To be short and sweet as much as possible, I am living with a girl for the past year (we bought a house together), not married or engaged, been with her for past 4 years, and now we are at a point where we might be selling the house.

At this point she feels emotionally crushed and exhausted. She feels she never really felt my love.. The little things to make her feel secure in the relationship.. She felt early on , that she expressed these concerns and I blew it off and ignored her. There was alot of he said/she said arguments because we failed to communicate properly. I put off alot of negativity on her end for awhile and tried to plead my case that I loved her and did things to show I loved her. But eventually the negativity and her persistance (which i said was nagging) led to arguments and fights.. We have had several blow outs where I was vocally abusive (I am now attending counseling to control my anger). Over the last 4 months the fights have gotten more frequent. I feel over the last 6 months that I have been doing the little things she needs and not getting anything in return. I do them for several weeks, then stop due to any response back.. Then the cycle begins.. Arguing, fighting, then possible blow out. We had a bad blow out several weeks ago and she stated that she wanted to sell the house. 
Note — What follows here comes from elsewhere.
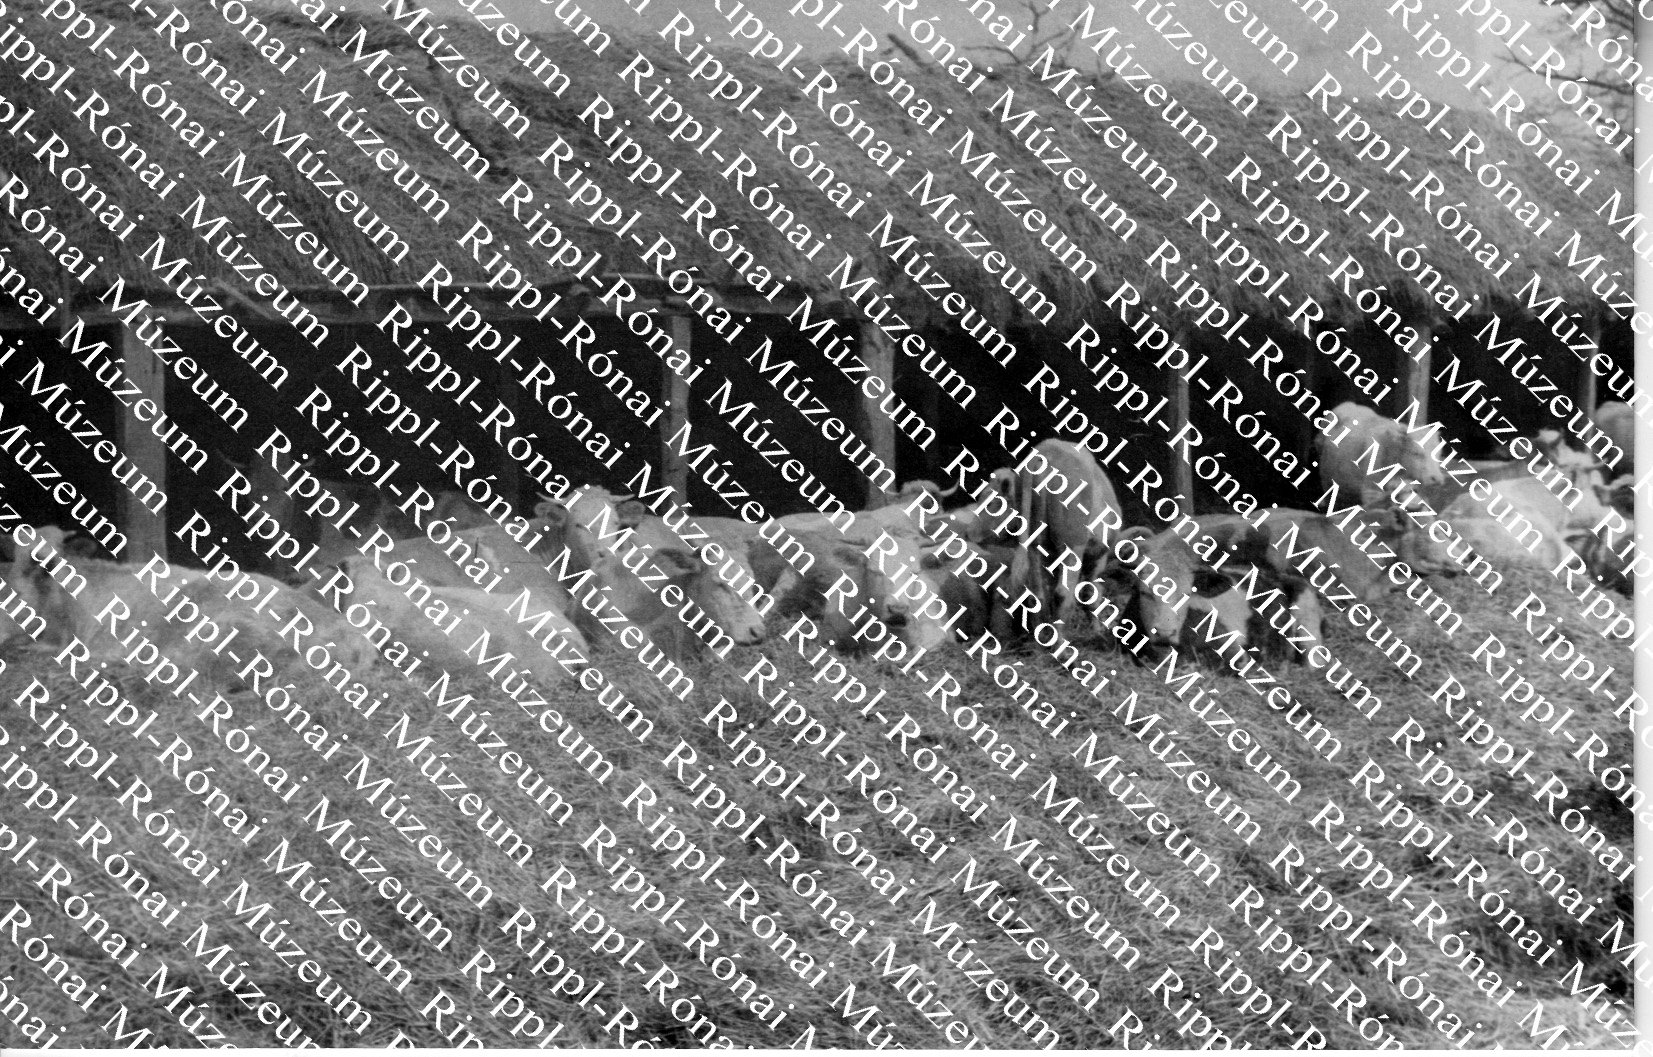 Kertimagtermelő Vállalat szentai üzemegységének szarvasmarha-szállása (Rippl-Rónai Múzeum CC BY-NC-SA)

That just emotionally crushed me.. So of course, I start pouring out my feelings and emotions (don't know why I do this when i feel im loosing her and not randomly throughout the relationship under good terms). But, at this point my feelings and emotions only make her more mad and upset... My head and emotions have been on a rollercoaster ride for the last month.. After pouring out my emotions, I backed off.. I started making positive actions on my end (counseling, self help reading) because she doesn't deserve my angry name calling.. I don't want to be that way.. I want to prove to her that she is the world to me and I am capable of change and that we need to learn to communicate better. We never were able to resolve fights. IF she gets upset or mad, she always throws the past against me.. At this point she doesn't know if she can get over the past.. When we talk about anything, she starts pulling up the past and then gets angry/upset. 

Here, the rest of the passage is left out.